# My TCR SL 3 weighs 15.7 pounds!!!



## JimT (Jul 18, 2007)

Hey all, like the title says, after it was put together it weighs 15.7 without pedals so add about another 6 ounces for them and the Giant still comes in about 2 pounds less than my 07 Madone 5.2 SL. Trust me I am not a weight weenie or anything, well maybe after I loose a good 10 lbs myself. (I still love my Trek but...)

I can't wait to get my pedals from PBK so I can ride it and see how it compares to the Trek. They say that with the different geometry, weight, new ultegra groupo etc... there should be a big difference. 

My new Precious...










Thanks for looking 
Jim


----------



## rick222 (May 29, 2005)

All right.... keep the shots com'in

congrats


----------



## Italianrider76 (May 13, 2005)

Looks great!!! Arrrrgghhh....that's exactly the model I want but it's not available here in Australia. We get the Rabobank ISP model with Dura Ace, the other ISP with Di2 and then the non ISP again with Dura Ace. The non ISP is the cheapest model coming in at $6999au. Not sure why Giant in Australia didn't release an Ultegra model this year. Kinda sux.


----------



## mit3k (Jun 1, 2009)

Wouldn't you be more comfortable on one size bigger frame?


----------



## JimT (Jul 18, 2007)

mit3k said:


> Wouldn't you be more comfortable on one size bigger frame?
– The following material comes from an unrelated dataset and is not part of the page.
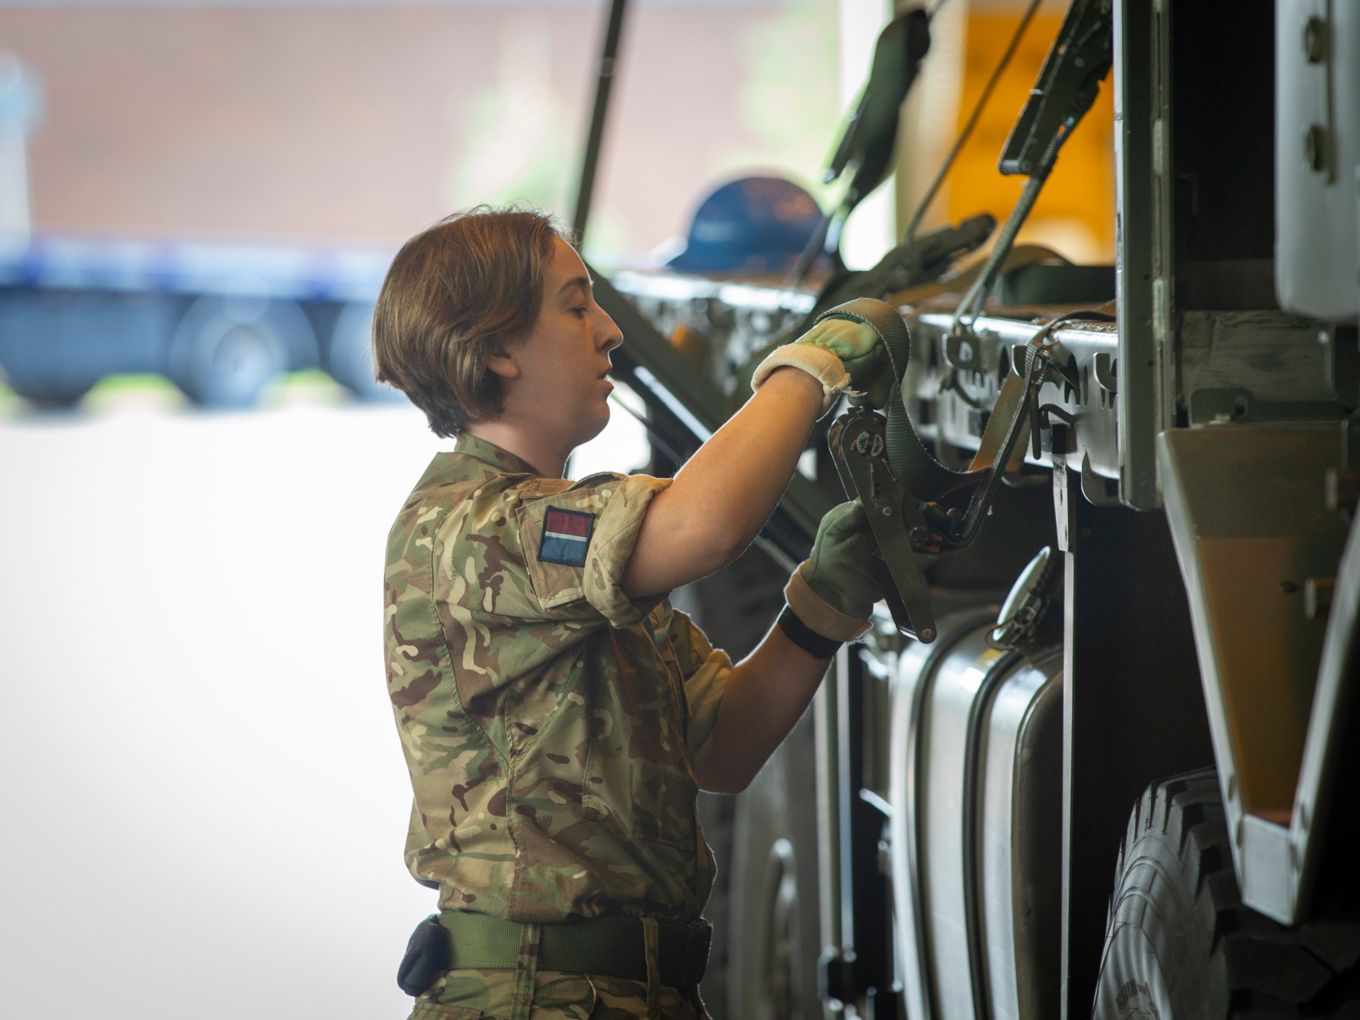 Personnel from No 2 Mechanical Transport Squadron working on vehicles similar to those deployed to Exercise Said Sareea.

I have been blessed with a 24" inseam and a standover of maybe 27 inches so this is just about one size bigger. I was thinking an XS but the fitter said S.


----------



## mit3k (Jun 1, 2009)

I was just judging, by the setup on the picture, you post it. 
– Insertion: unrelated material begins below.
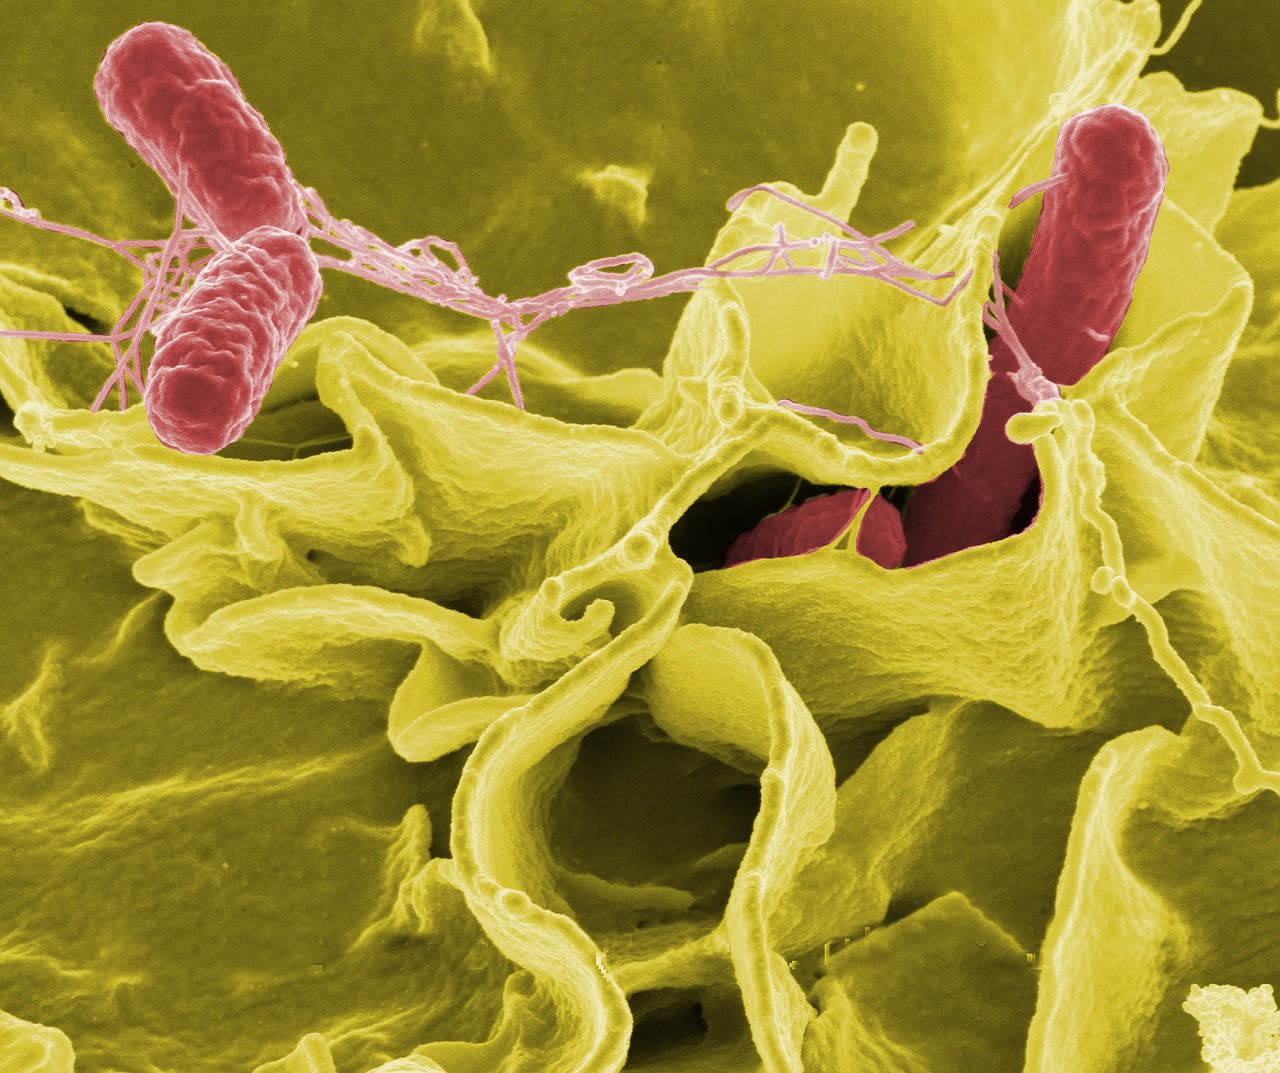 Confirmed cases continue to climb of a multistate outbreak of salmonella infections across the nation.

Only two more days and my tcr advanced 2 arrives in size small... can't wait.


----------



## JimT (Jul 18, 2007)

LOL, The advanced 2 is a very sweet bike as well, I bet you cant wait... I think they just stuck the seat in there until I get my pedals in then they will fit me.

Post pics.

JimT


----------



## MaddSkillz (Mar 13, 2007)

Congrats! I just weighed my new TCR Advanced 2 and it weighs 15.8 pounds ready to ride! Sweet! Loving the new Ultegra!


----------



## JimT (Jul 18, 2007)

Man, dont ya just love that nes bike smell


----------



## MaddSkillz (Mar 13, 2007)

Yeah! It's great! Now if only work can get over with so I can go ride it again! First hill-repeat ride on it tonight!

I hope your pedals come in today! :thumbsup:


----------



## thatdrewguy (Aug 7, 2009)

JimT, what size frame is that? Thanks.


----------



## JimT (Jul 18, 2007)

Hey DrewGuy, it is a small and my inseam is about 27". The seat has been lowered considerably to just about an inch above the handlebars. 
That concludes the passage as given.